Researchers have already addressed a significant technical hurdle in making the imaging technique feasible. They researched several contrast agents and tried two others before choosing Hexabrix, which is approved by the Food and Drug Administration for use as a contrast agent for various imaging procedures in humans. When diluted, it produced an X-ray signal that allowed distinction of bone from cartilage.

“The ability to separate bone from cartilage in the microCT scan is a big deal,” Guldberg says. “It suggests that this technique may work in vivo.”

A new cartilage-imaging technique called EPIC-microCT yields pictures of (A) an intact rabbit knee; (B) a segmented rabbit knee with cartilage (gold) isolated from bone (red); and (C) a topographical map illustrating the range of cartilage-layer thickness in the rabbit knee.

Image courtesy of Ashley Palmer

 

Dilution reduces the contrast agent’s sensitivity and therefore the technique’s PG-monitoring capability, the authors write in their paper. “In this next phase of research, we hope to find a one-shot concentration of the contrast agent that works for analyzing both cartilage thickness and composition,” says Levenston, the senior author on the paper.

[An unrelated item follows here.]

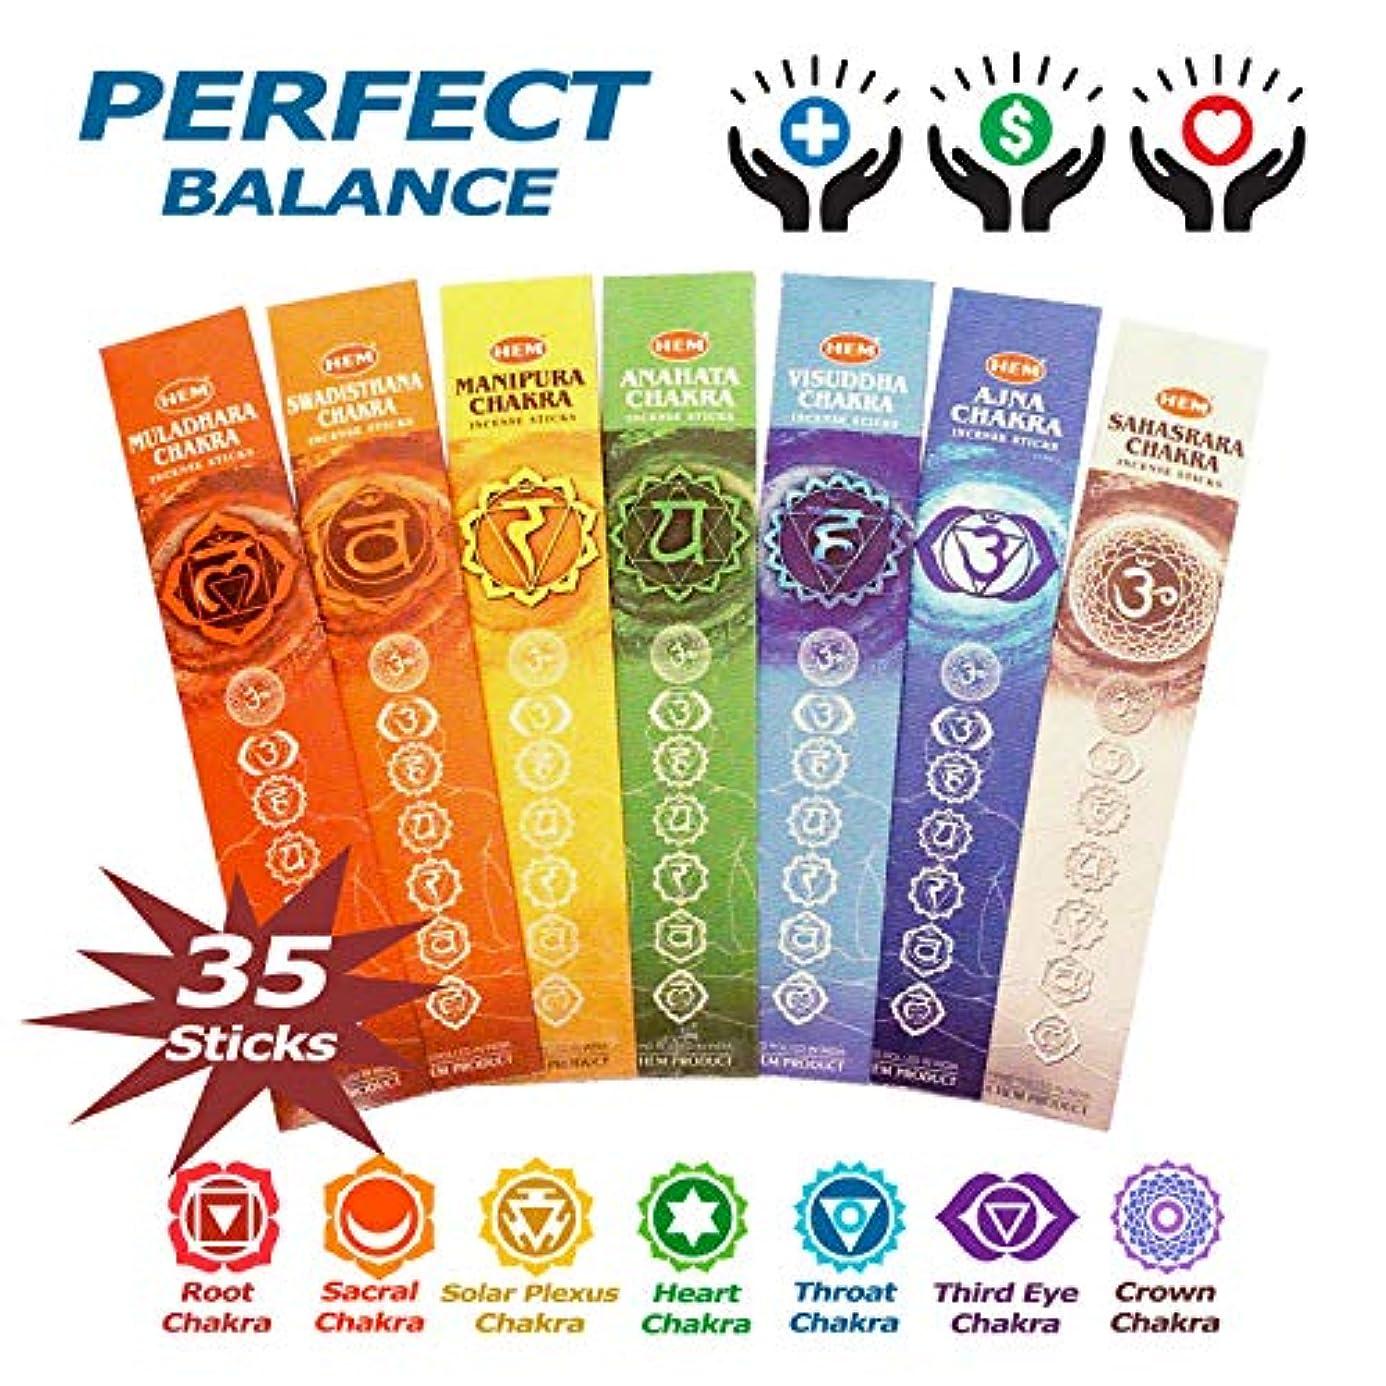 品揃え座標複合お香 7チャクラ 天然瞑想 プレミアムお香スティック ルートから王冠まで 35本セット ギフトパック ヒーリング ヨガ 瞑想 アロマセラピーに最適な7つのチャクラのお香
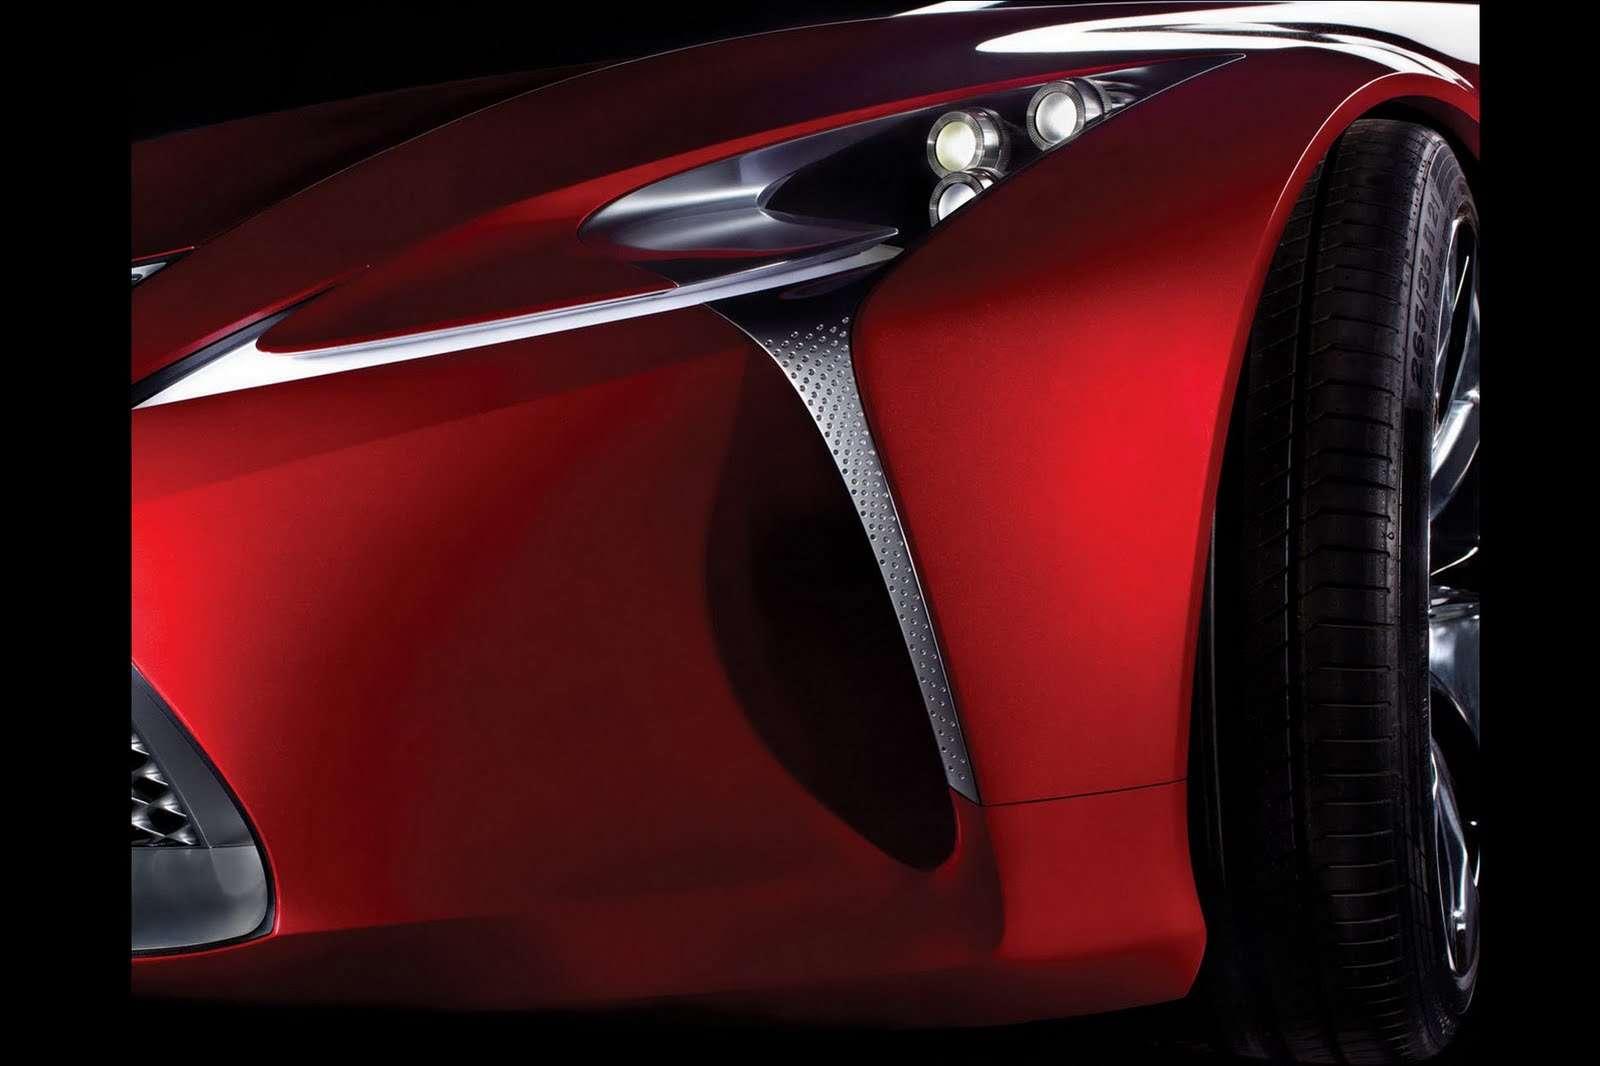 Lexus concept teaser grudzien 2011

In addition, the researchers must address technical issues involving the in vivo delivery and retention of a sufficient volume and concentration of the contrast agent, they note in the paper.

“But even if the technique only works for in vitro studies, it still provides useful quantitative, high-resolution, 3-D images that researchers can use to nondestructively monitor cartilage degeneration and even regeneration in small animal models,” Guldberg says.